Wednesday, April 27, 2016

Data tools pay for themselves over time

Several years ago I worked on a project that required we pick apart Excel .XLS files at the byte level. We didn't use Microsoft's COM components to read the file. We didn't use a third-party library. We read the file (in C++ and in binary mode) and did exactly what Microsoft recommends we do not do: we parsed the file ourselves.

As part of this effort, I built a small utility to "dump" the contents of an Excel file. The common programs extract cell values, but I wanted something more detailed. I wanted a list of the various BIFF records in the file. (Microsoft Excel .XLS files consist of a series of binary records, each record describing some aspect of the contents. Each record contains a type field, a length field, and a set of fields that depends on the type of record, and some fields have a variable size. It's a compact and powerful format.)
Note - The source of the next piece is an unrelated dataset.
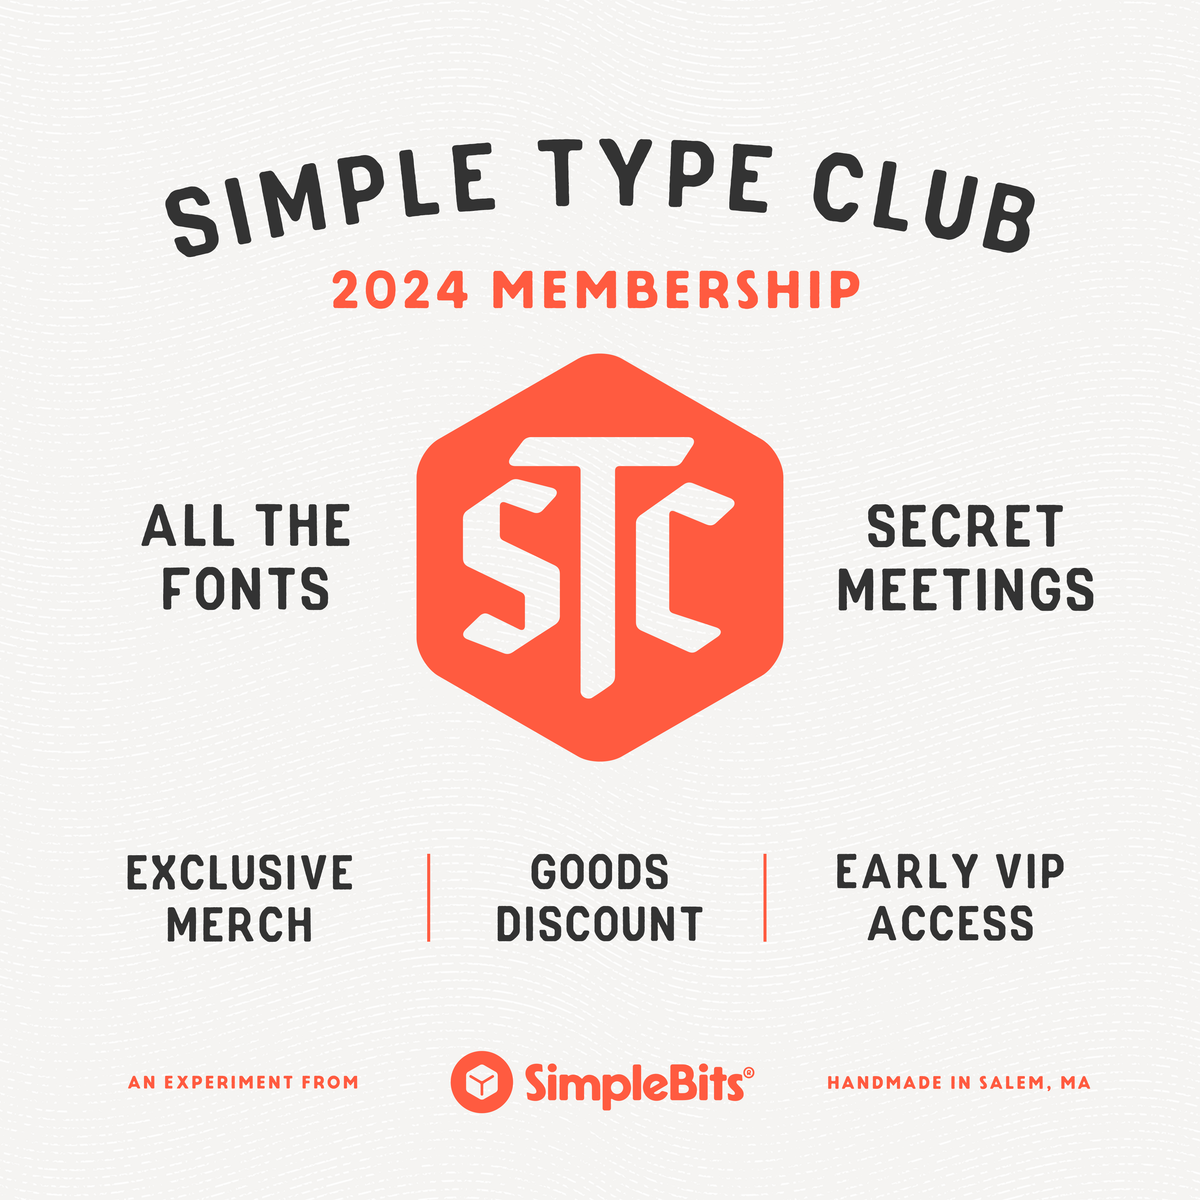 Simple Type Club 2024

The utility program (called "DumpXls", cleverly enough) was useful to identify the different records needed to construct a proper .XLS file. It took some time to create, time that turned out to be an investment.

It was a useful investment, because this past week I had a problem with the Python 'xlwt' library. (The 'xlwt' library lets Python create an .XLS file.) My old "DumpXls" utility helped me diagnose the problem and find a solution... and quickly. The time spent creating that program years ago was more than made up by the time saved in finding this week's problem.

The "dump" program was simple, yet it required a good understanding of the file format. When working with a new file format, it helps one understand the format to build such a "dump" program. The program is useful, as is the knowledge of the format.